Literature DB >> 19179092

Surveillance of patients after initial treatment of ovarian cancer.

Angiolo Gadducci1, Stefania Cosio.   

Abstract

The surveillance of ovarian cancer patients after initial treatment is a challenging question in clinical practice. Serum CA 125 assay, physical examination, and imaging examinations have been employed with different time schedules for the follow-up of asymptomatic patients.
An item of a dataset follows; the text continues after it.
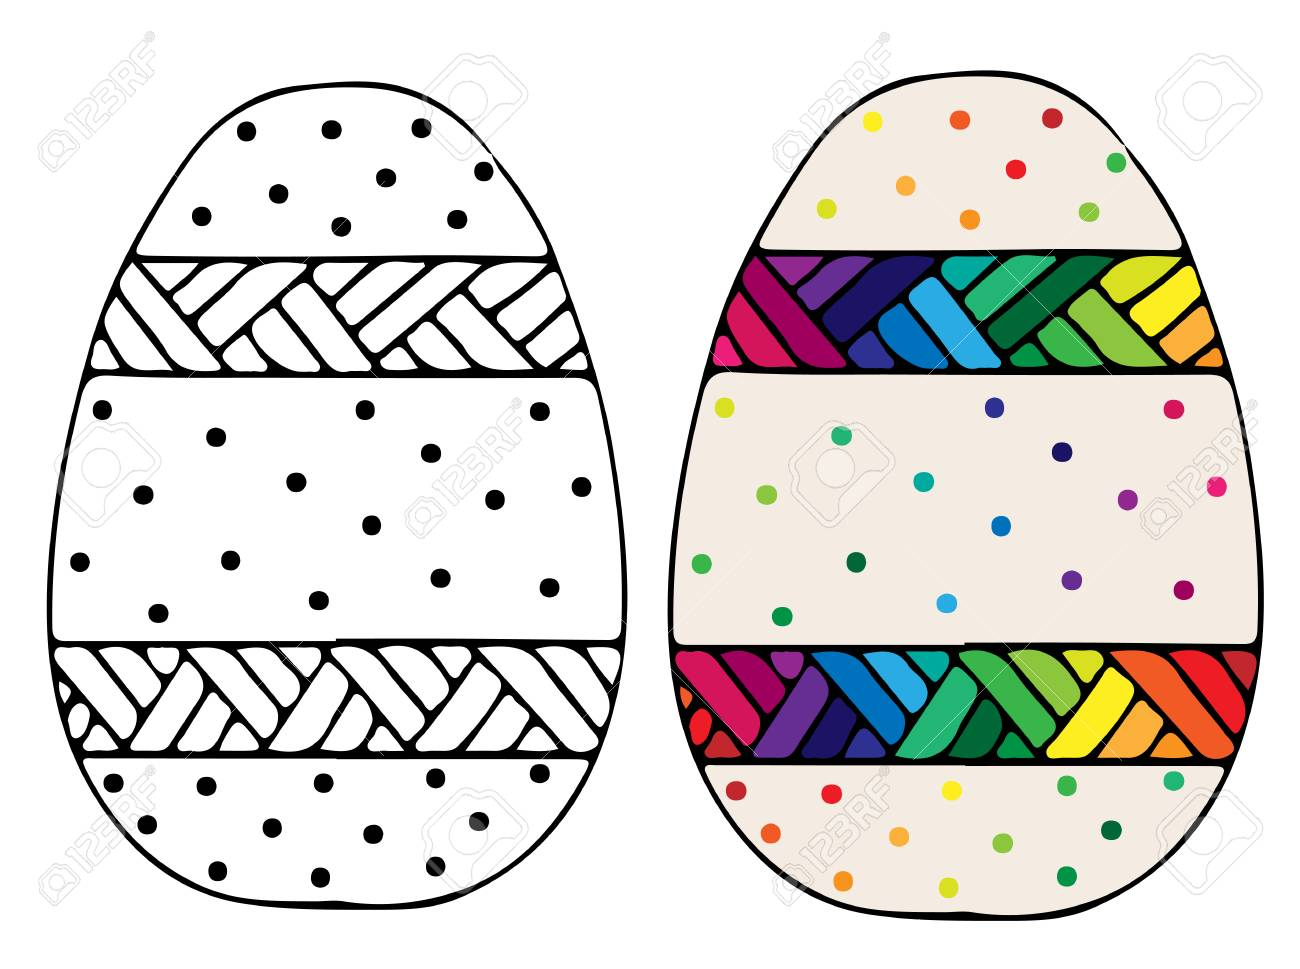 Dibujado A Mano Lindo Huevo De Pascua Con Patrón Abstracto Para ...
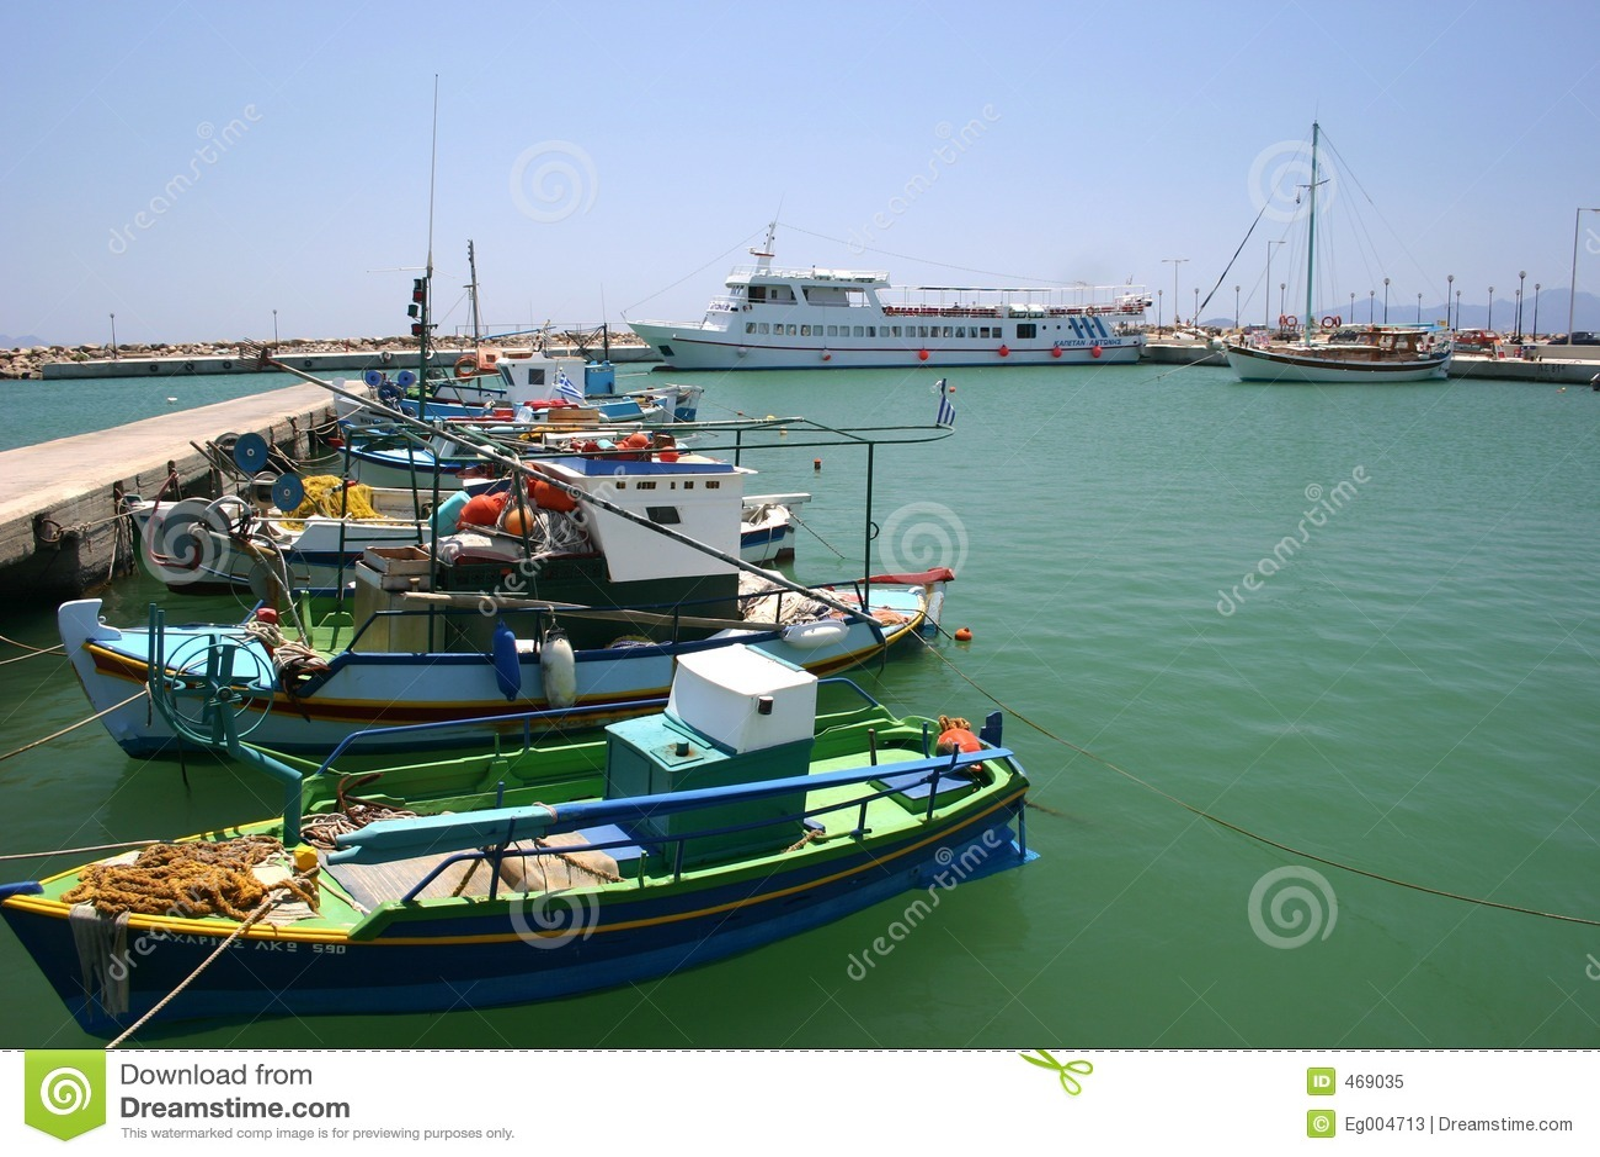 Fishing boats royalty free stock photo image 469035 for Free fishing boats

Rising serum CA 125 levels may precede the clinical detection of relapse in 56-94% of cases with a median lead time of 3-5 months. An ongoing randomised phase III European trial is comparing the benefits of early administration of chemotherapy based on serum CA 125 assay alone versus delaying treatment until clinical or radiological detection of recurrent disease. Physical examination, with or without ultrasound, is very useful for the surveillance of these patients, since approximately 25-50% of relapses involve the pelvis. Additional radiological imaging techniques, such as computed tomography (CT) and magnetic resonance imaging (MRI), are usually performed in asymptomatic patients with rising CA 125 levels as well as in patients with suspicious symptoms or signs. Integrated positron emission tomography (PET) and CT scanners (PET/CT) can identify recurrent disease in tissues that appear normal at CT imaging as well as metastatic lesions intimately associated with the bowel wall that are difficult to detect with CT or MRI, so that in most series PET/CT has a higher diagnostic reliability than that of conventional imaging techniques. Moreover, PET/CT can disclose unusual supra-diaphragmatic spreading of the disease and may be very helpful for treatment planning, especially for the selection of patients suitable for secondary surgical cytoreduction. A prospective, randomised trial of therapeutic interventions based on stratification by PET/CT disease status could elucidate the real impact of this diagnostic procedure in the management of patients with recurrent ovarian cancer.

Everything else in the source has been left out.